Все утро, до обеда, чередовались учителя; после обеда Соня с Верой ездили кататься или гуляли пешком с матерью, а Гриша, под наблюдением мсье Вайяна, занимался фехтованием, верховой ездой и танцами с лучшими преподавателями в городе. Посещал он также классы пения профессора Р-ни.

Вечером семья собиралась вокруг круглого стола с лампой в изящной гостиной, увешанной картинами, уставленной изваяниями и редкими растениями. Тут, в то время как дети (так продолжали называть у Ратморцевых Соню с Верой и Григория) занимались рисованием, лепкой из воска и тому подобными работами, Людмила Николаевна, чередуясь с мсье Вайяном, читала им вслух отрывки, тщательно очищенные от всего, что могло дать понятие девочкам о грязной прозе жизни, от всего, что пачкало воображение и способно было возбудить в них дурные инстинкты, а Григорию напомнить о прошлом, к которому ему никогда больше не суждено было вернуться.

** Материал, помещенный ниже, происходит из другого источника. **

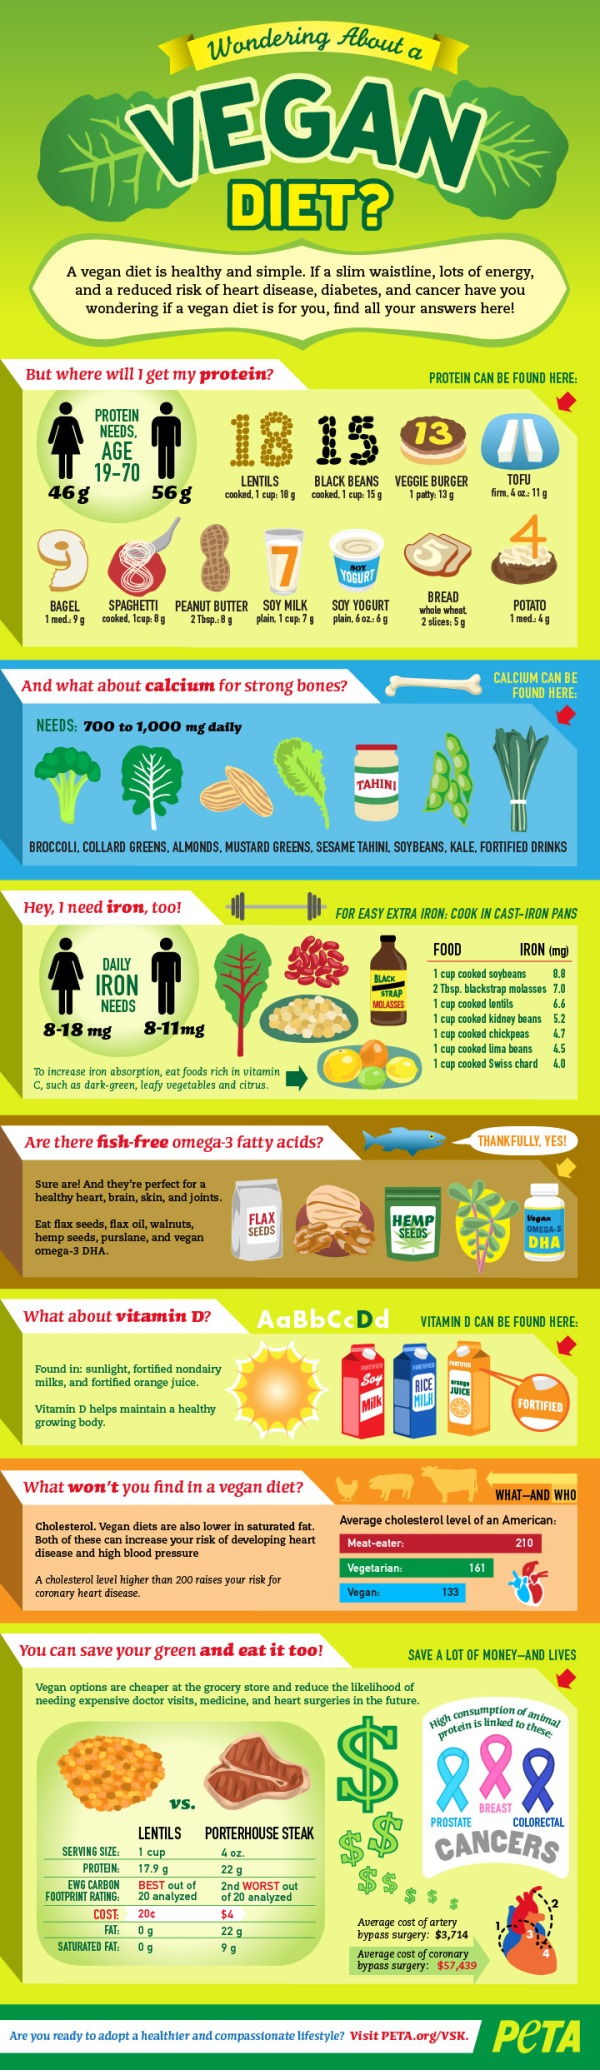 Wondering About a Vegan Diet?

Под конец вечера, а иногда и раньше, приходил из кабинета Сергей Владимирович, и при его появлении маленькое общество оживлялось. У него всегда находилось о чем поговорить с дочерьми и Гришей; он умел и старика француза вызвать на интересную и остроумную болтовню, умел также возбудить откровенность и в молодежи.

С матерью девочки были сдержаннее. Если бы не муж, никогда не узнала бы Людмила Николаевна, что Соня чересчур мечтательна, а ее сестра расположена через меру увлекаться новизной и непостоянна в своих вкусах. Если бы не муж, она не ознакомилась бы так хорошо с успехами Григория в науках и с быстрым, хотя и своеобразным, развитием его ума и способностей.